Its a real problem that we used to have trained DBAs to own the data where now devs and automatic tools are relied upon, there isn't a culture or toolset built up yet to handle it.

mr_toad

> I have all these wonderful DB backups lying around, so I bring up a new DB from the backups

It’s nice to have that capability, but some databases are just too big to have multiple copies lying around, or to able to create a sandbox for everyone.

danellis

> after a couple of glasses of red wine, we deleted the production database by accident

> It’s tempting to blame the disaster on the couple of glasses of red wine. However, the function that wiped the database was written whilst sober.

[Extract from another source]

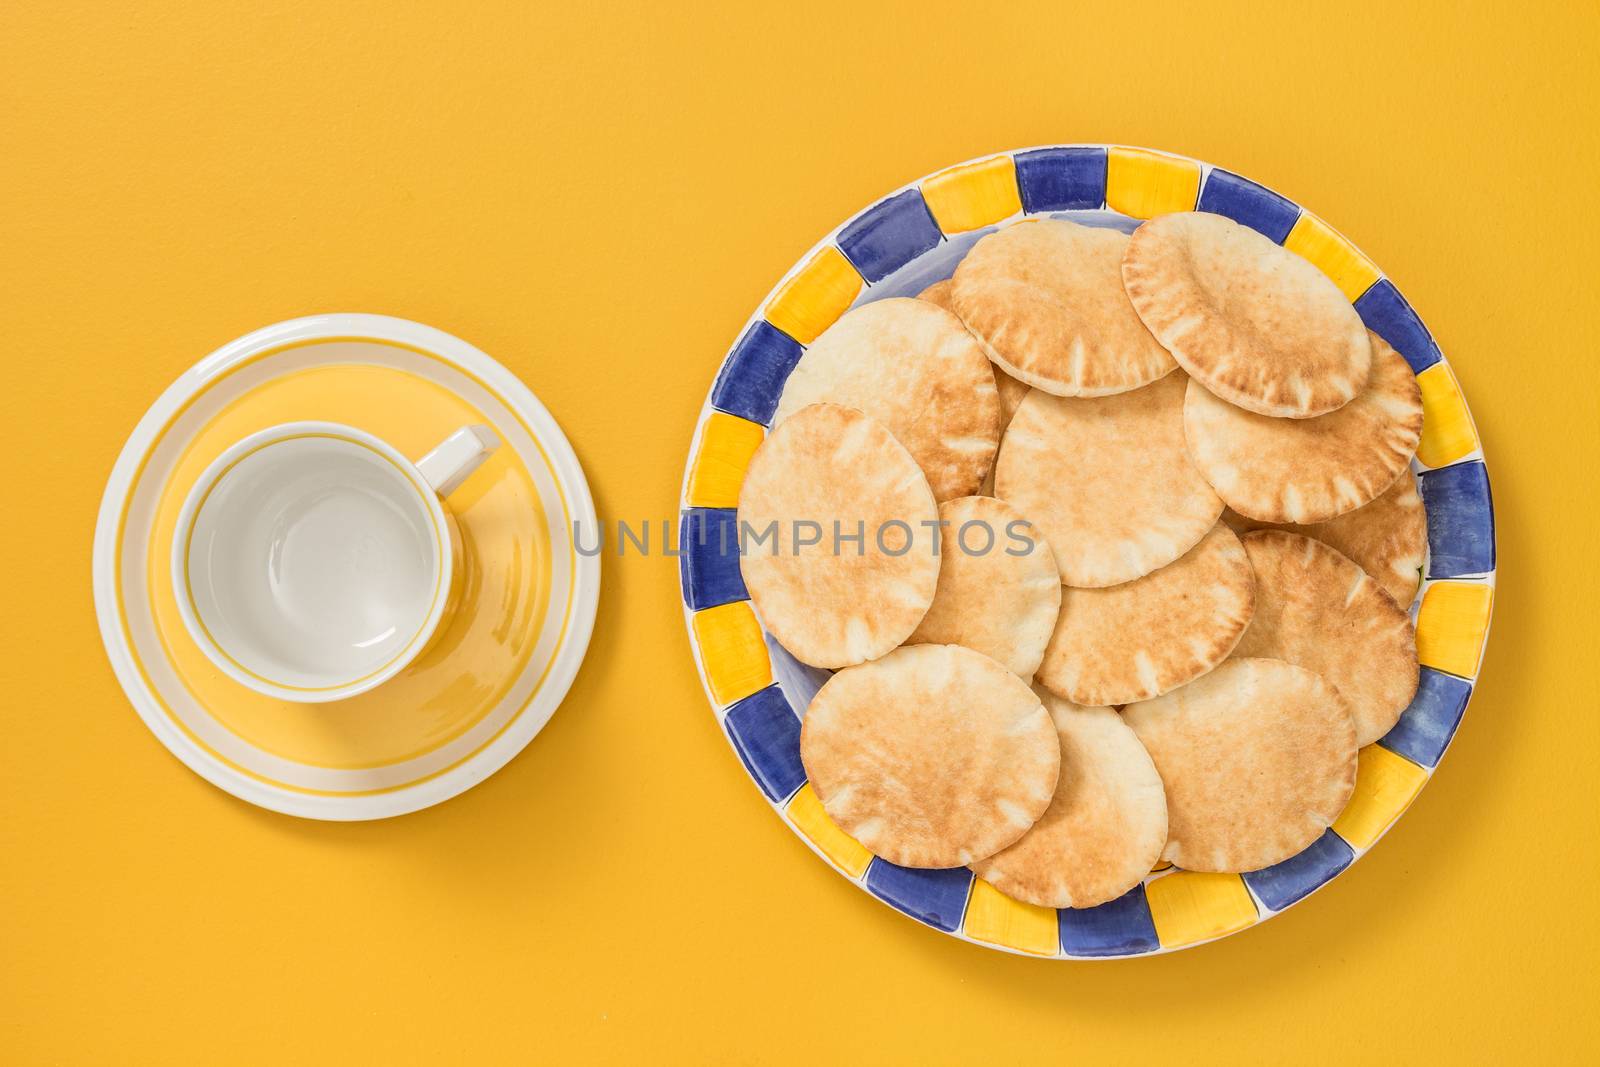 Teacup and plate with pita bread on yellow background by anikasalsera

It was _written_ then, but you're still admitting to the world that your employees do work on production systems after they've been drinking. Since they were working so late, one might think this was emergency work, but it says "doing some late evening coding". I think this really highlights the need to separate work time from leisure time.

cle

No. Your systems and processes should protect you from doing something stupid, because we’ve all done stupid things. Most stupid things are done whilst sober.

In this case there were like 10 relatively easy things that could have prevented this. Your ability to mentally compile and evaluate your code before you hit enter is not a reliable way to protect your production systems.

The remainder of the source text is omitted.